There’s not been an event in my life that’s made me feel more like a hot shit than going to Woodstock.
On August 15,1969, everyone I knew in my small circle of dope smoking friends were either headed there, planning to meet there or trying to get there. Hundreds of miles of caravans disrupted the pastoral dairy farms of lower New York state, rolling upcountry from the Jersey Shore. Reveling to the world’s greatest rock and roll bands melded our bodies and souls to three days of peace and love.
Throughout the festival Wavy Gravy danced to the microphone with updates on the number of cool cats sitting on the hillside of Max Yasgur’s farm. When he exclaimed half-a-million, whoops and whistles rose up to the spirit in the sky. All the hippies in America, maybe the world, had come together. I was right where I was supposed to be.
My friends and I told and retold Woodstock tales for a time afterwards. And then it was over. Or so it seemed.
Eight years later as I stirred spaghetti sauce in my Sandburg Village kitchen in Chicago, my ten-year old son and his friends were snickering in the doorway.
“Go ahead. Ask her.” My son elbowed his friend.
“Did you really go to Woodstock?” He asked.
“Yes, I did.”
“See, I told you.”
“Wow. What was it like?”
I brought out a small box of photos and souvenirs including my prized ticket to Woodstock to show the unbelievers. Until that point I’d kept Woodstock quiet. No one in my new crowd of straight and sober friends was or ever had been a hippie. Woodstock wasn’t yet a badge of honor, rather the confession of a derelict life.
But after wowing those ten-year old boys, I knew I was on to something.
In 1969, half a million was only .2% of the population. By 1979 we were an elite group, only 500,000 of us. In 1994 I interviewed for a twenty-fifth anniversary story in a local Chicago paper. The Presbyterian church showed Woodstock the movie and asked me to give a talk about my experience.
My ten year old grandson called one day in 2007 and asked, “Regan, my dad said you went to Woodstock. Is that true?” I assured him it was.
“We just watched the movie. It looks pretty wild.”

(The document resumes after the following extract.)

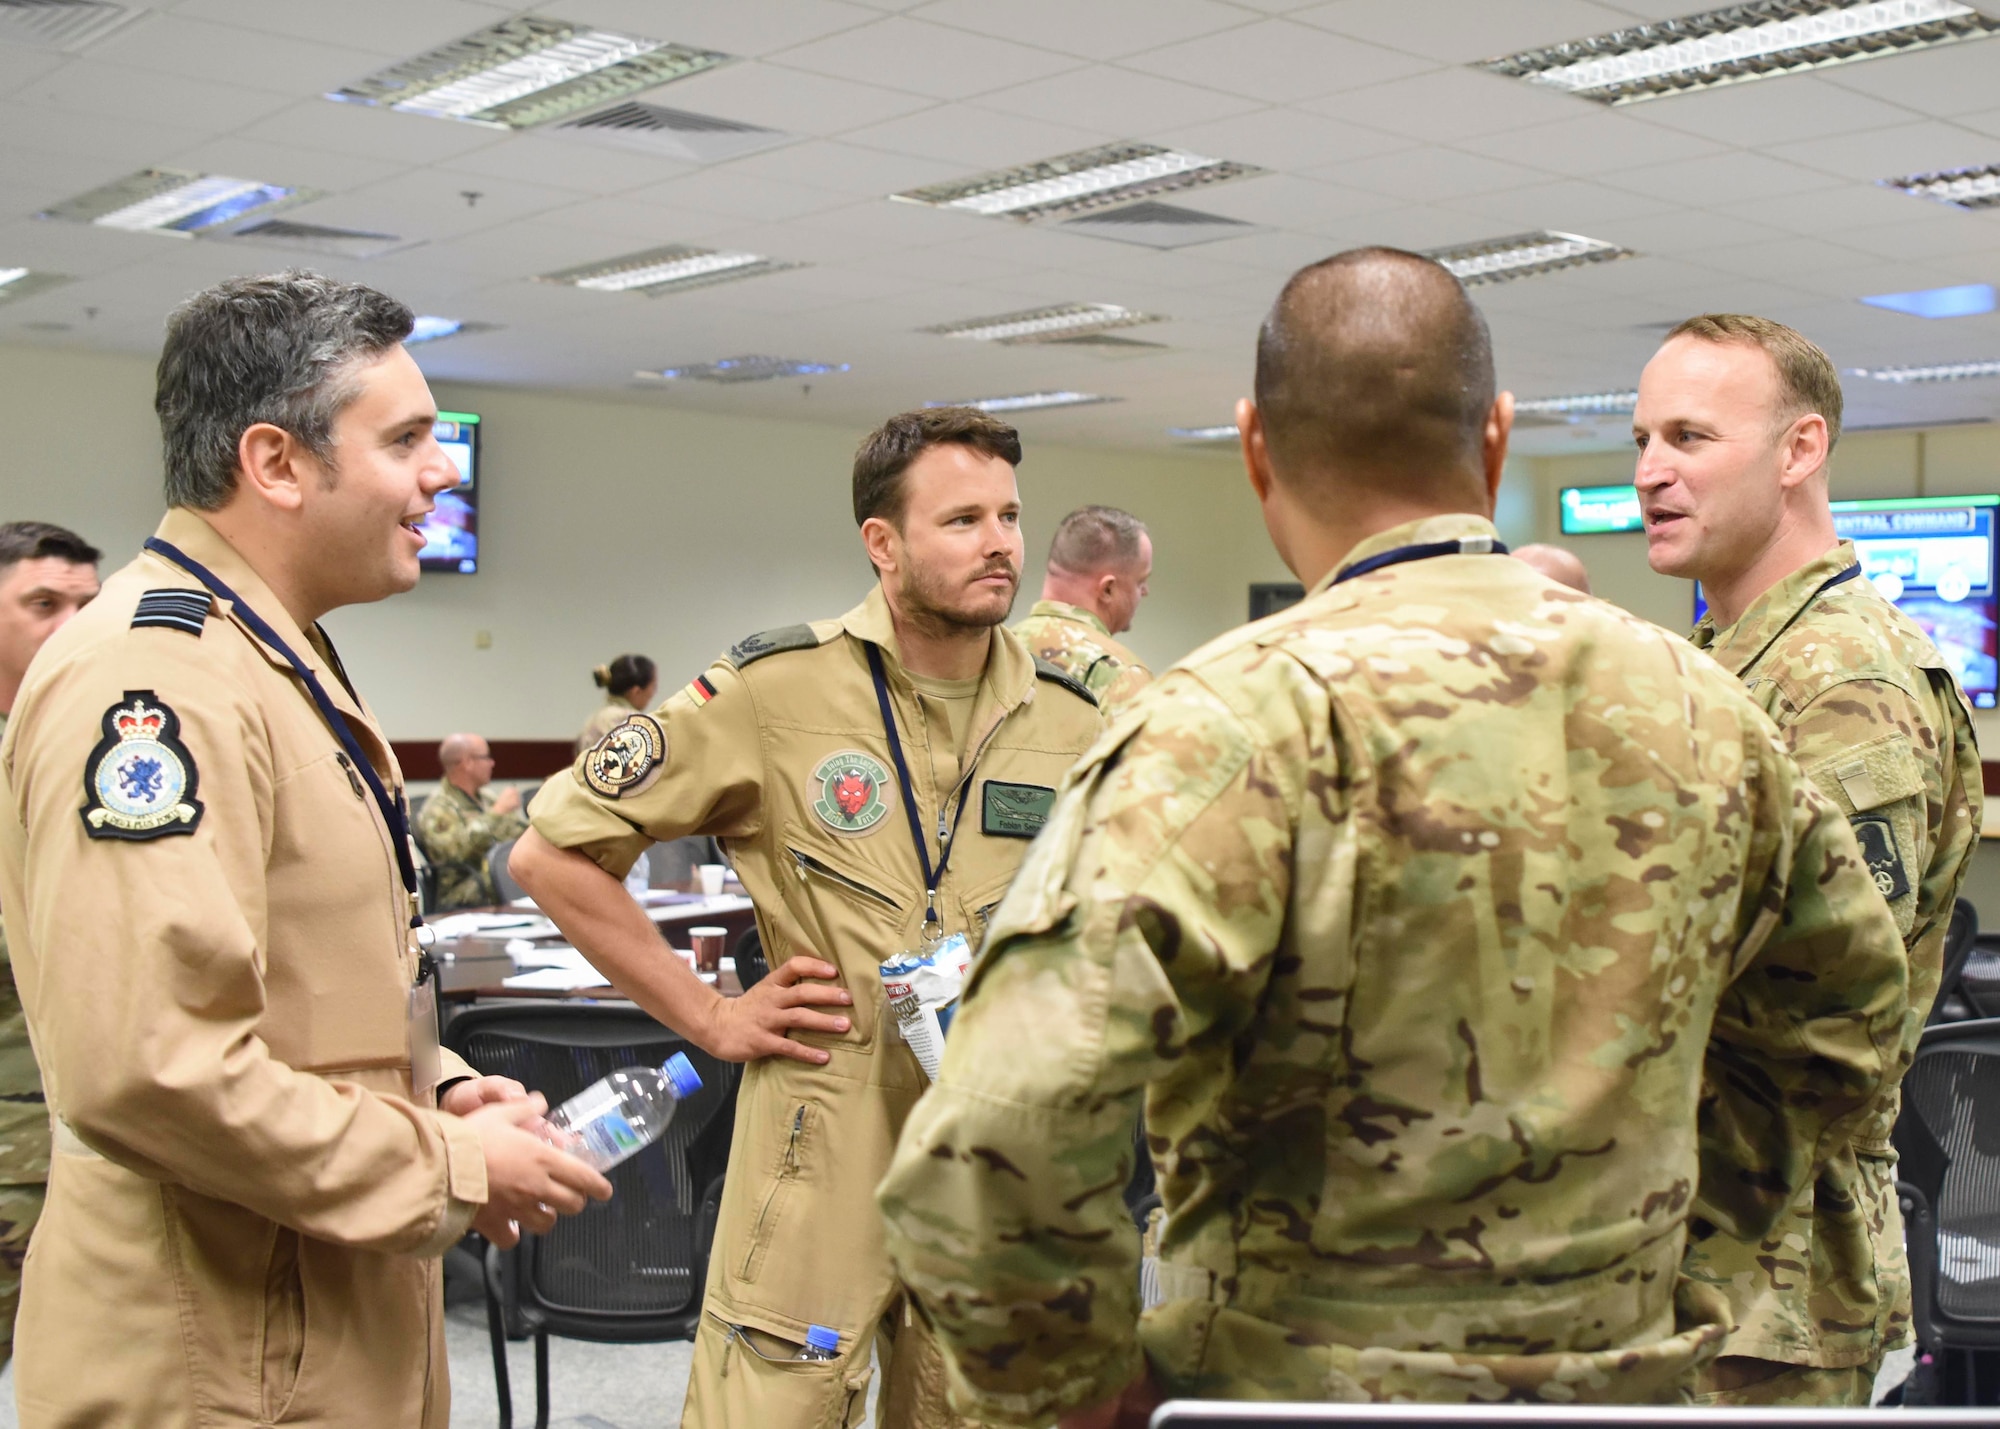 Group of U.S. and Coalition service members has a chat.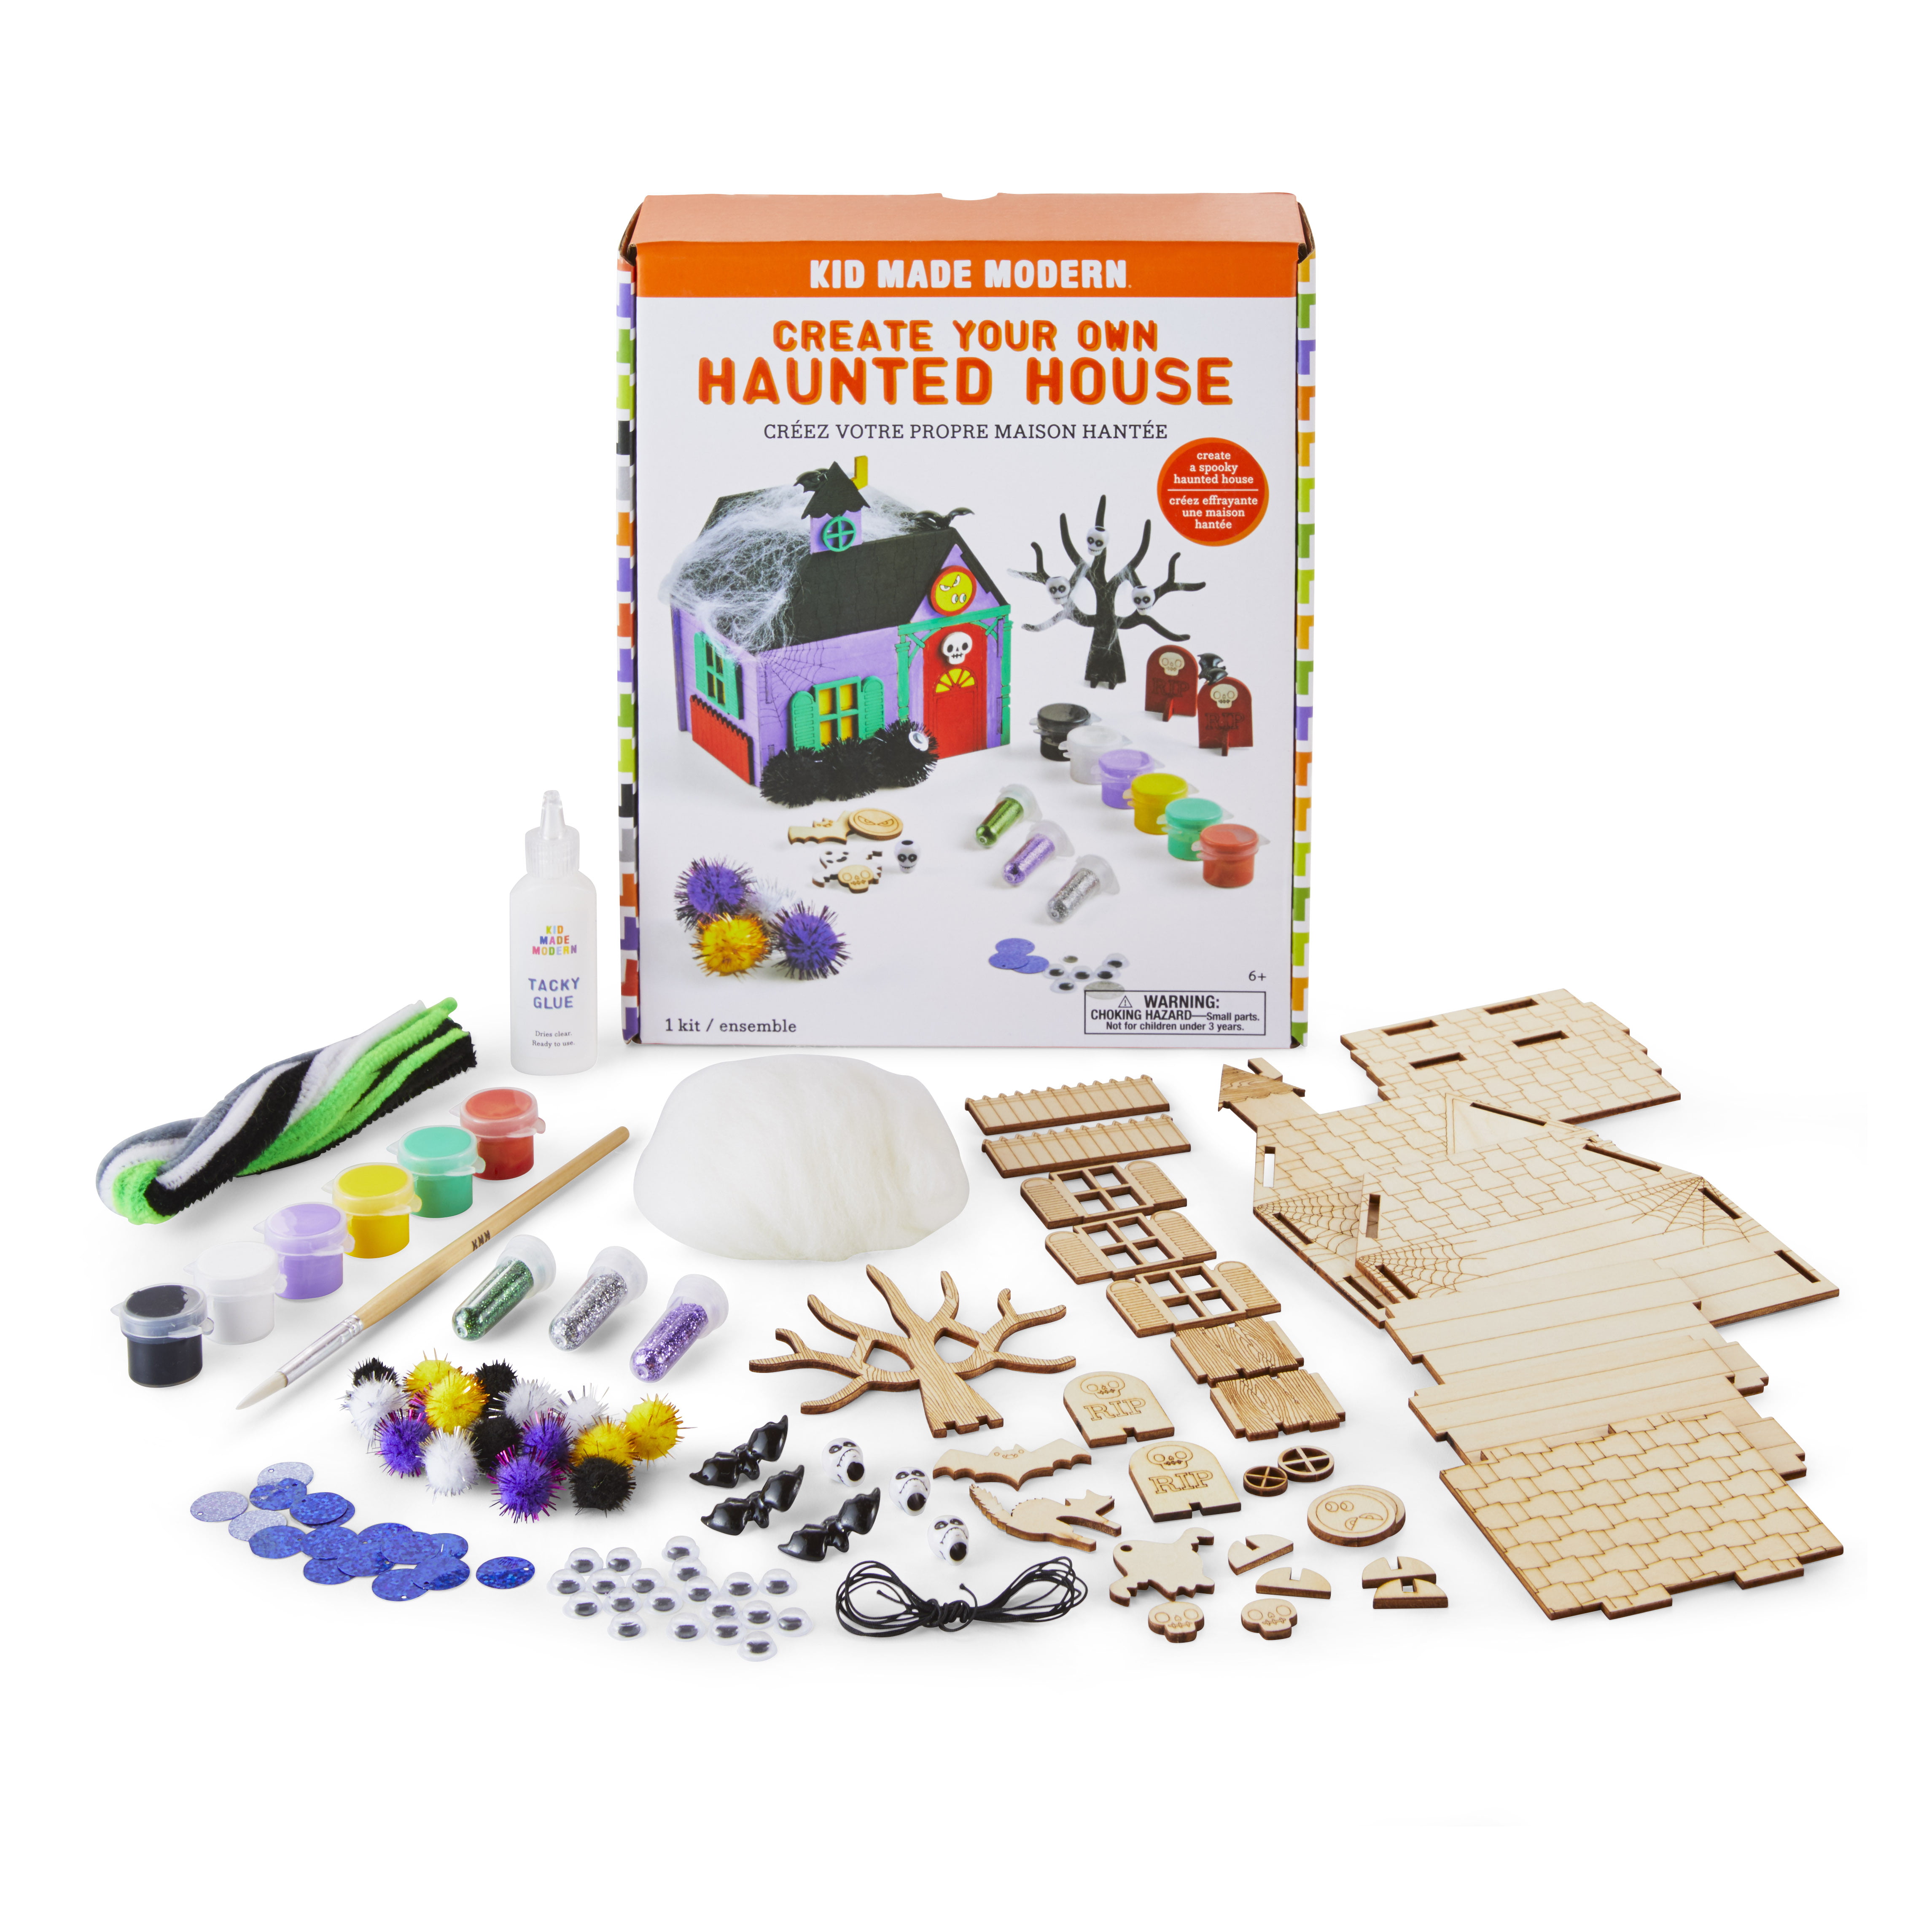 Includes Paints & Brushes ,Painting Arts and Crafts Wooden Set for Kids Age 4-12,Mini Luminous Cabin House Christmas Tree Craft Wooden House Kits for Christmas,Make a Christmas Cabin House Kit

That box of souvenirs mysteriously disappeared after I showed it to his father’s pals at the same age. My grandson didn’t need proof to tell his friends though. Unbelievable reality turns believable with age. He asked about my favorite Woodstock band. The next Christmas he gave me a complete set of Janis Joplin.
Using “Woodstock” in the description of my upcoming book on Amazon optimizes search engine results. Even in my seventies friends introduce me as “…she went to Woodstock.” What are they implying? Drugs? Hippie? ‘60s radical? Or simply that I used to be a hot shit badass.